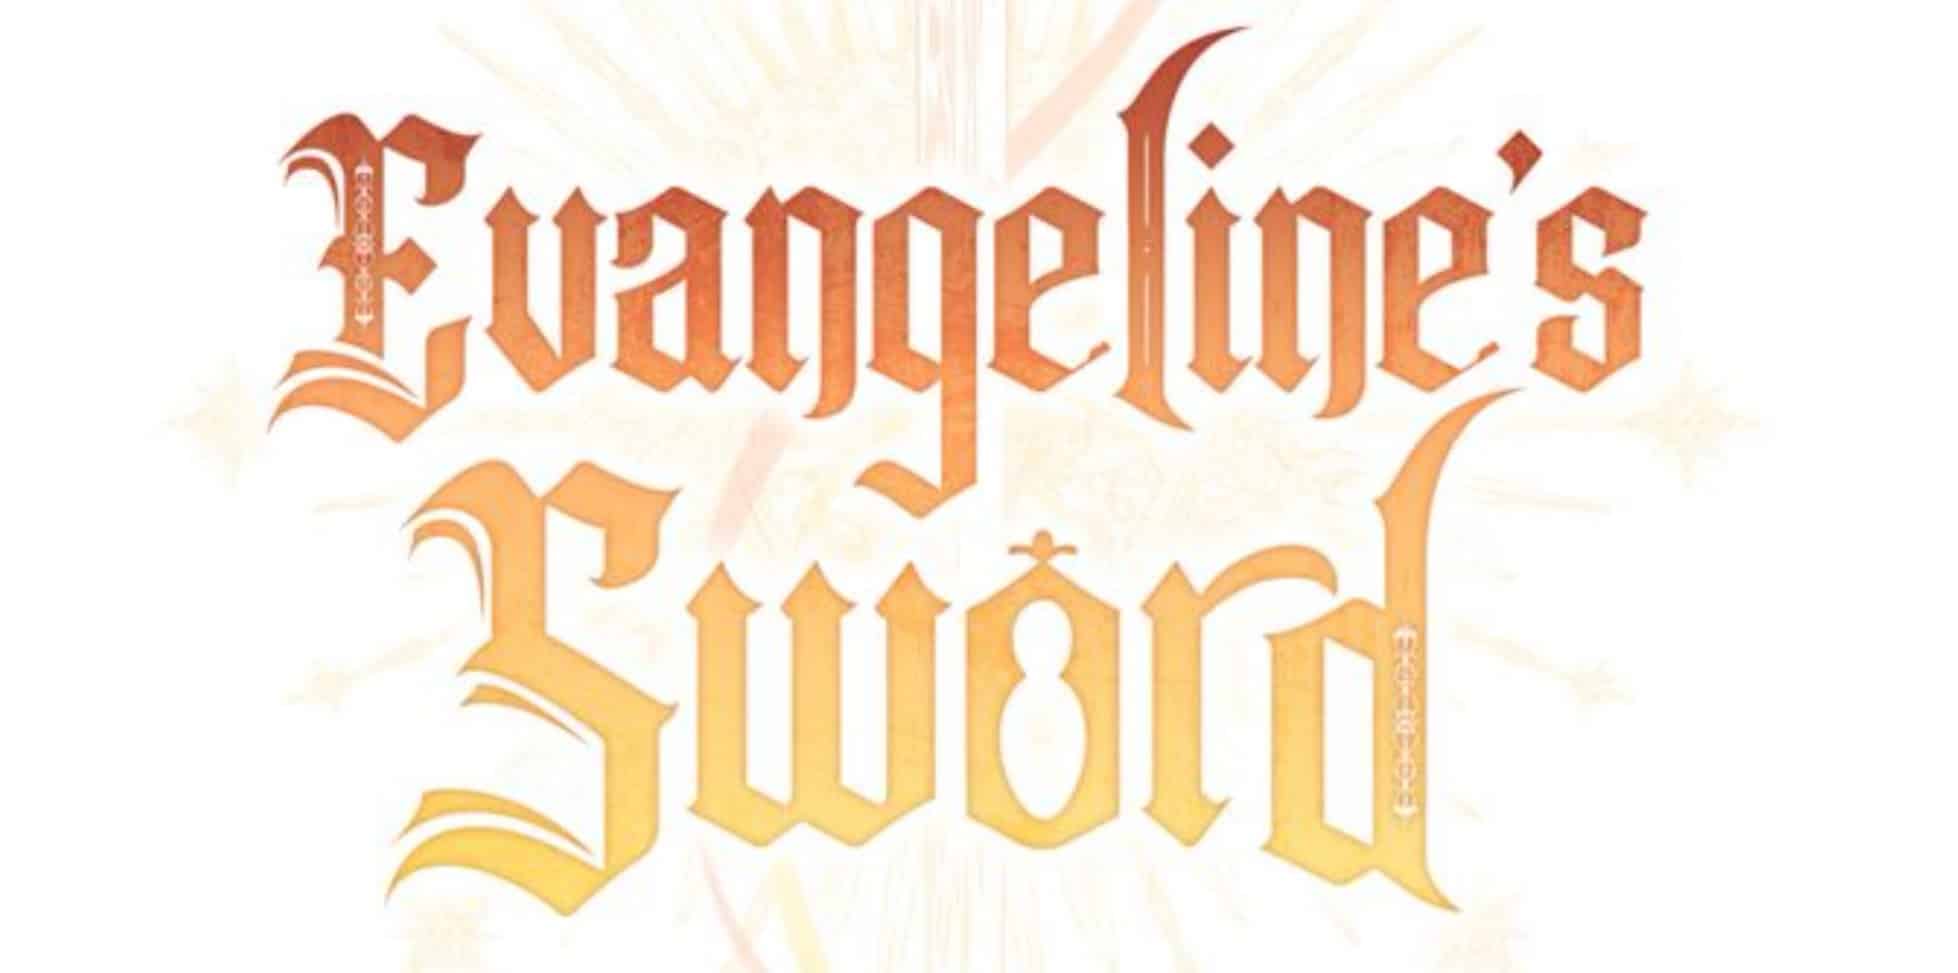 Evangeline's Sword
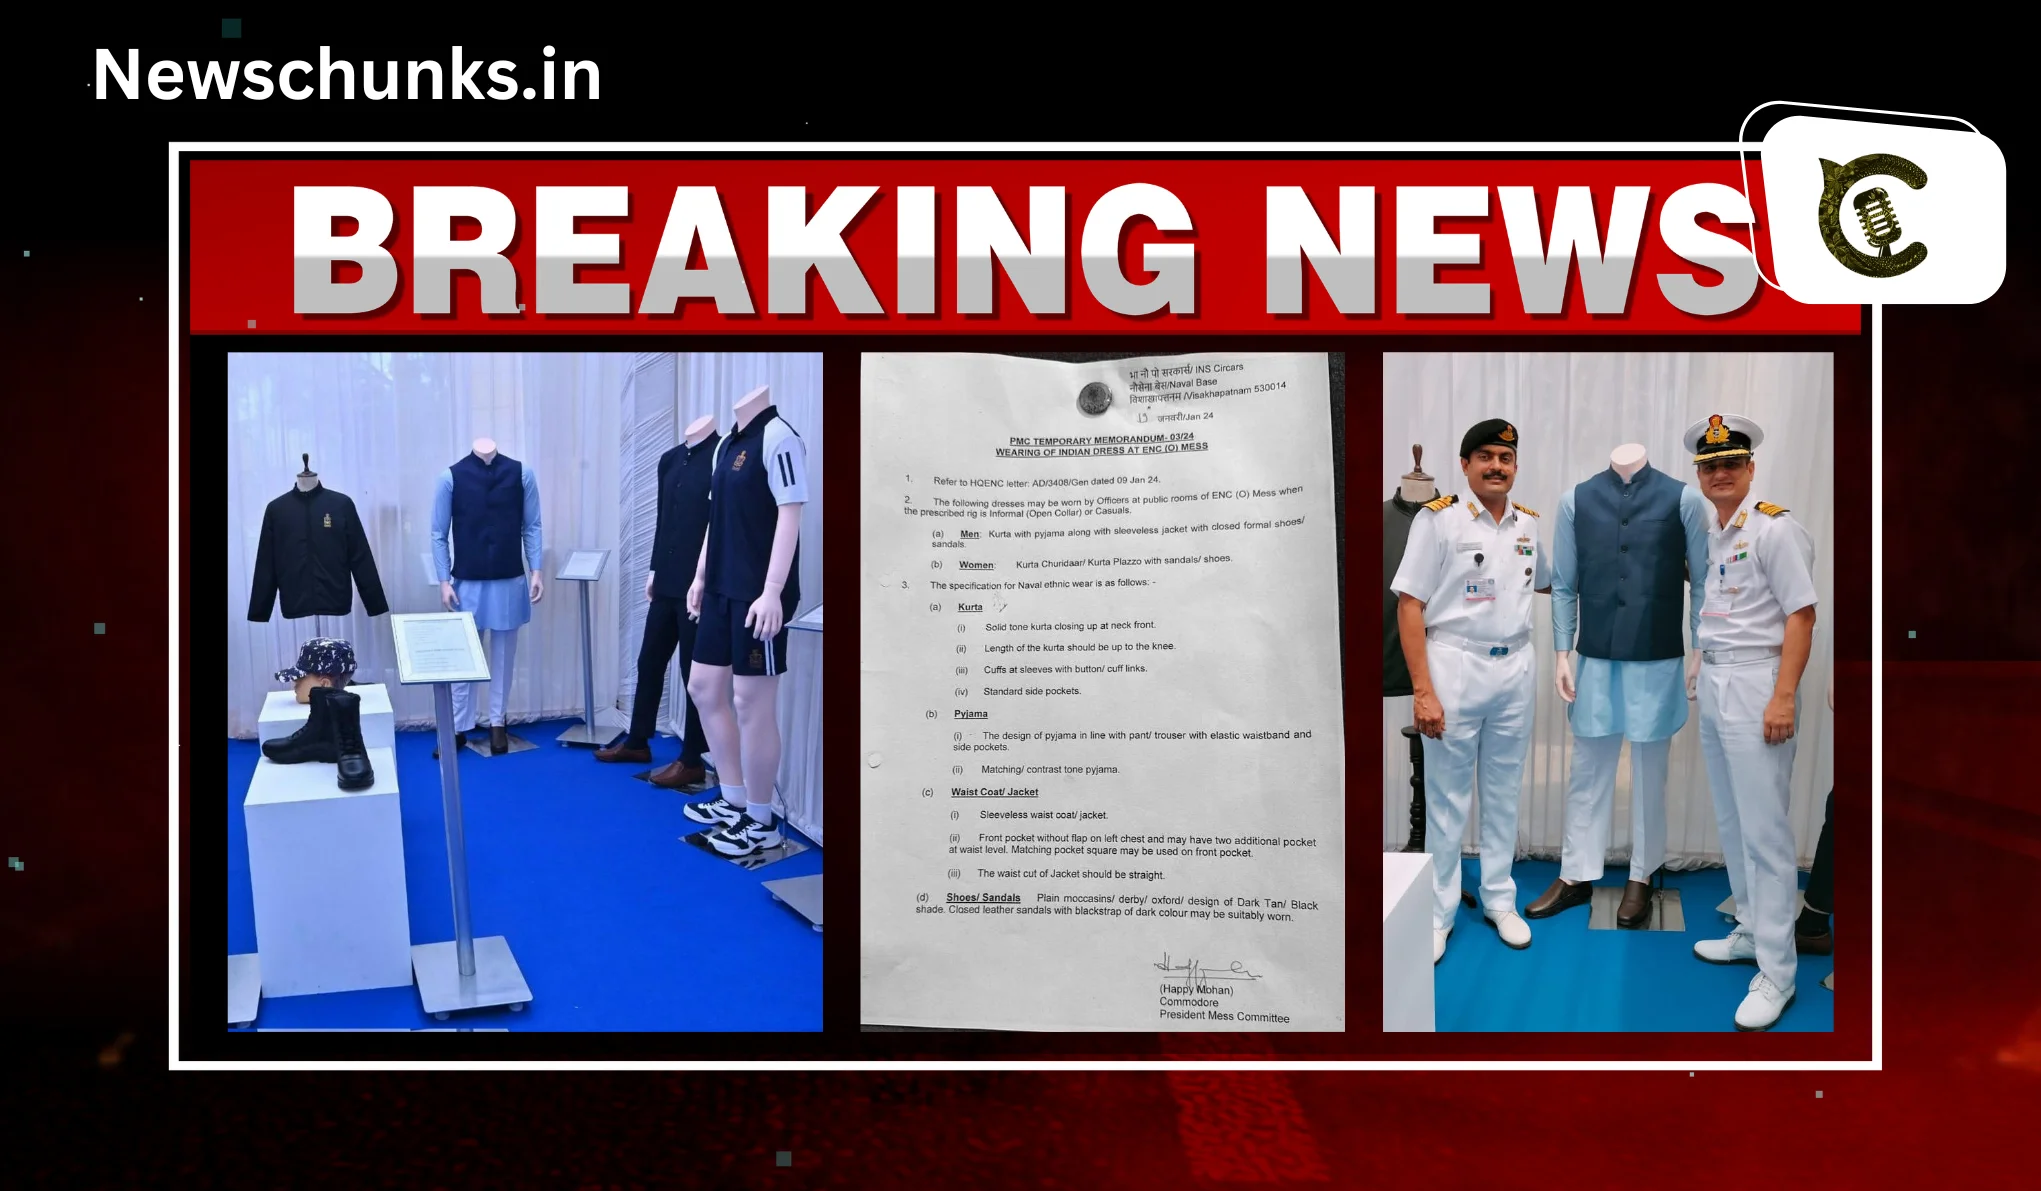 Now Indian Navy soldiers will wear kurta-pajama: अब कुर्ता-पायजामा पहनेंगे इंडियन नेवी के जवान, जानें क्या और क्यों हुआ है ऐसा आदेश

==

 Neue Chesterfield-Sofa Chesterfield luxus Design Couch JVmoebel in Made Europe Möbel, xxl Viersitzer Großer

INSTRUCTIONS TO FOLLOW: Because only one stretch of the records is wanted, please output the lines from the one holding "Evangeline's Sword" through the one holding "Now Indian Navy" exactly, both included, and leave every picture out.

COMPLETED EXERCISE:
 Evangeline's Sword
 Now Indian Navy soldiers will wear kurta-pajama: अब कुर्ता-पायजामा पहनेंगे इंडियन नेवी के जवान, जानें क्या और क्यों हुआ है ऐसा आदेश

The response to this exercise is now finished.